NoDaLiDa 2023 - May 22-24, 2023
SESSION 10 - SPEECH TECHNOLOGY
Automatic Closed Captioning for Estonian Live Broadcasts
Tanel Alumäe, Joonas Kalda, Külliki Bode, Martin Kaitsa
Abstract
This paper describes a speech recognition based closed captioning system for Estonian language, primarily intended for the hard-of-hearing community. The system automatically identifies Estonian speech segments, converts speech to text using Kaldi-based TDNN-F models, and applies punctuation insertion and inverse text normalization. The word error rate of the system is 8.5% for television news programs and 13.4% for talk shows. The system is used by the Estonian Public Television for captioning live native language broadcasts and by the Estonian Parliament for captioning its live video feeds. Qualitative evaluation with the target audience showed that while the existence of closed captioning is crucial, the most important aspects that need to be improved are the ASR quality and better synchronization of the captions with the audio.

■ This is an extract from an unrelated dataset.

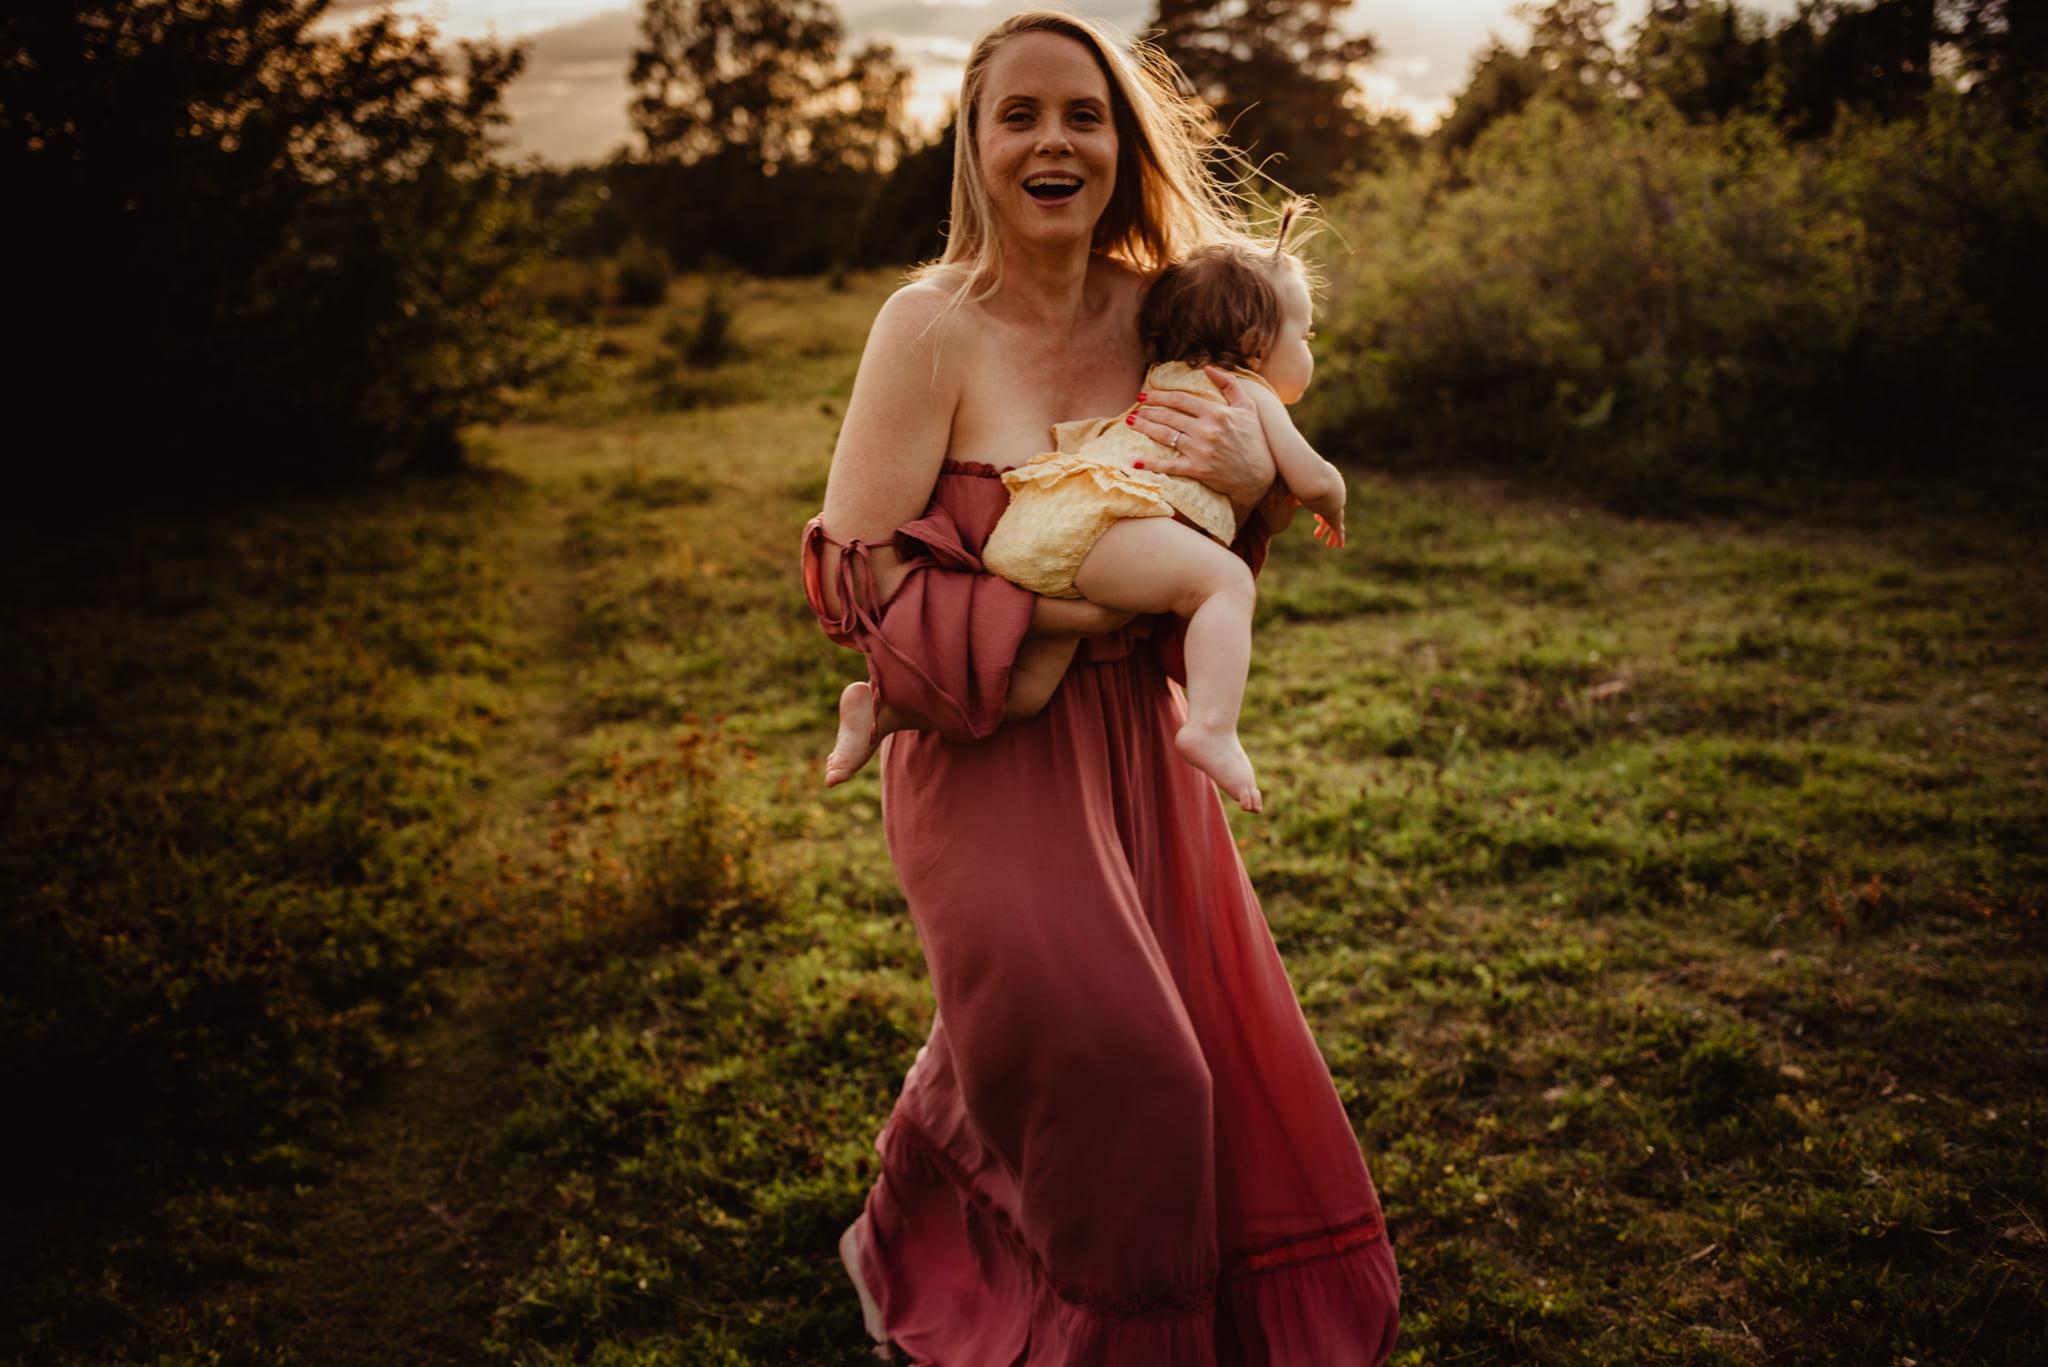 Familjefotografering Stockholm - Jasmine 9

A character-based analysis of impacts of dialects on end-to-end Norwegian ASR
Phoebe Parsons, Knut Kvale, Torbjørn Svendsen, Giampiero Salvi
Abstract
We present a method for analyzing character errors for use with character-based, end-to-end ASR systems, as used herein for investigating dialectal speech. As end-to-end systems are able to produce novel spellings, there exists a possibility that the spelling variants produced by these systems can capture phonological information beyond the intended target word. We therefore first introduce a way of guaranteeing that similar words and characters are paired during alignment, thus ensuring that any resulting analysis of character errors is founded on sound substitutions. Then, from such a careful character alignment, we find trends in system-generated spellings that align with known phonological features of Norwegian dialects, in particular, “r” and “l” confusability and voiceless stop lenition. Through this analysis, we demonstrate that cues from acoustic dialectal features can influence the output of an end-to-end ASR systems.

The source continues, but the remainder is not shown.